Theresa May's speech leaves Tories in no doubt – she's after the top job

Home Secretary pledges loyalty to Cameron but urges party to empower all the people, not just elites

Theresa May cemented her position as a Conservative leader-in-waiting yesterday when she called on her party to win the next election by promising to govern for the whole country, not just for vested interests.

After a week of swirling rumours that she was plotting a challenge to David Cameron, the Home Secretary used a speech to Conservative Party activists to set out a wide-ranging policy framework that she claimed would carry the Tories back into Downing Street in 2015.

Mrs May was careful to include a number of passages underlining her commitment to the Prime Minister's leadership, stressing that "getting a majority Conservative government, led by David Cameron, is vital in 2015".

But her speech, to a conference in London on what the Tories must do to win the next election, ranged far from her departmental brief and across the full policy platform, and it underlined her capacity to be a credible leadership contender in future. The speech also included a series of references to "blue-collar" issues including job security, immigration and fuel duty.

She also detailed a strategy based around the "three pillars of conservatism" – security, freedom and opportunity – which she claimed would help the party to victory.

"We're at our best when we don't try to re-create the past but adapt our policies to the needs of the day – while continuing to root those policies in our values," Mrs May told the Victory 2015 conference staged by the conservativehome website. "But to win, we must remember our attributes as a party when we're at our best and our strongest. We're at our strongest when anyone and everyone can feel the Conservative Party is for them – when we're the party for all. We win when we stand for the values of the British people – respect, fair play, generosity, enterprise, aspiration."

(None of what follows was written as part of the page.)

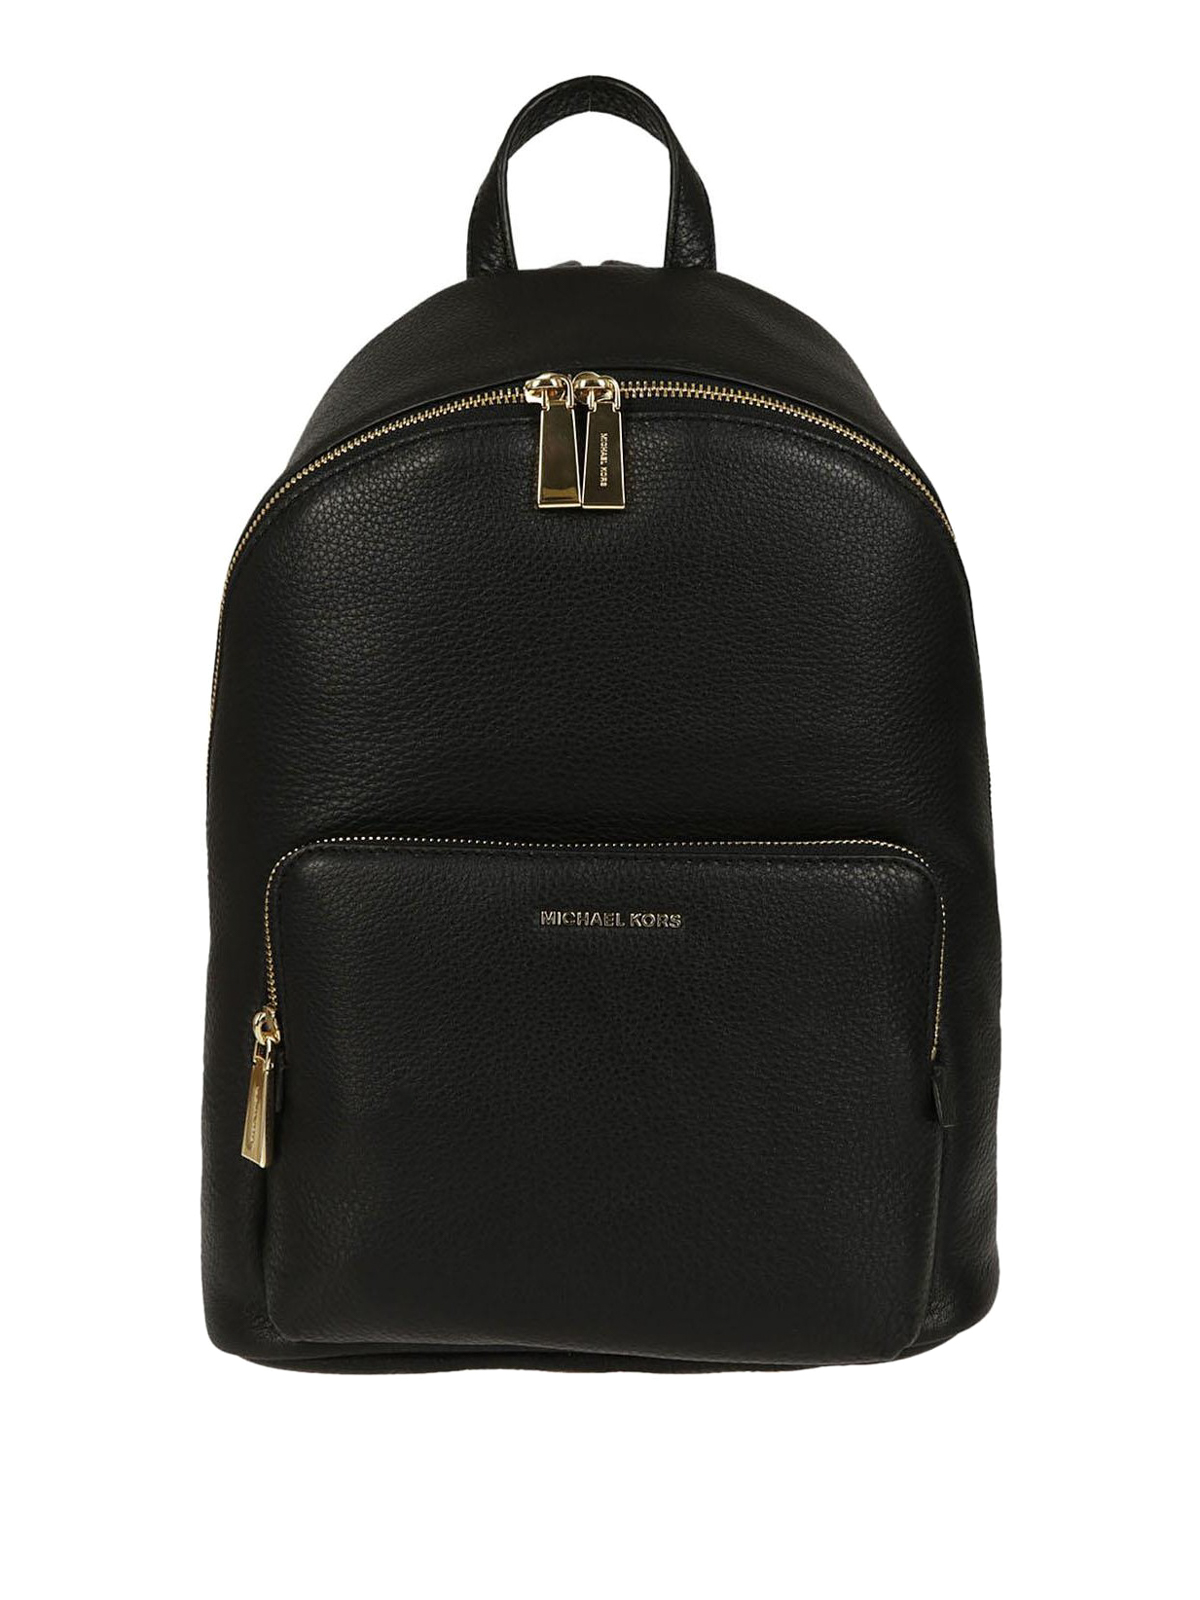 Backpacks Michael Kors - Black full grain leather backpack

Significantly, Mrs May insisted that the Tories must govern for the whole country in an attempt to counter claims that the current leadership is too "elitist". She said: "So we have a good record and we have the right team. But those advantages alone will not be enough. We have to become the party that is tireless in confronting vested interests. The party that takes power from the elites and gives it to the people. The party not just of those who have already made it, but the home of those who want to work hard and get on in life."

The enthusiastic reception for Mrs May's speech underlined concerns over the direction the Tory party is taking, particularly after the Eastleigh by-election defeat. Mr Cameron has come under mounting pressure from all sides over his policies on issues from gay marriage to the EU.

Amid the fears over falling confidence in the leadership, Mrs May has emerged as a credible alternative to Mr Cameron – and his main contender, Boris Johnson – if he is ever forced out of office. She has carved out a reputation as a robust and dependable Home Secretary since the coalition took office, but her latest speech, the most wide ranging she has given, illustrates that she has a broader vision for the future of the party.

Her address was punctuated by a relieved round of applause for the confirmation of the pledge that the next Conservative government would abolish the Human Rights Act – and possibly leave the European Human Rights Convention altogether – a hugely popular move throughout the party. Mrs May also earned further applause when she welcomed the "re-detention" of the radical preacher Abu Qatada.

She said: "We need to stop human rights legislation interfering with our ability to fight crime and control immigration. That's why, as our last manifesto promised, the next Conservative government will scrap the Human Rights Act, and it's why we should also consider very carefully our relationship with the European Court of Human Rights and the Convention it enforces. When Strasbourg constantly moves the goalposts and prevents the deportation of dangerous men like Abu Qatada, we have to ask ourselves, to what end are we signatories to the convention? Are we really limiting human rights abuses in other countries? I'm sceptical."

The Conservative Party chairman, Grant Shapps, attempted to shore up support for the leadership, in the face of discontent over Mr Cameron. He told activists at the conference to focus on voters' priorities and not "working out strategies and trying to subdivide votes" as they prepare for the next election.

Mr Shapps, who revealed he had been knocking on doors yesterday before making his speech, said: "I wasn't out asking people for their votes. I was asking what we could do for them. That's the most important lesson we can learn. We need to get out there and get to know people. We can spend the next two years working out strategies and trying to subdivide votes; it will get us nowhere."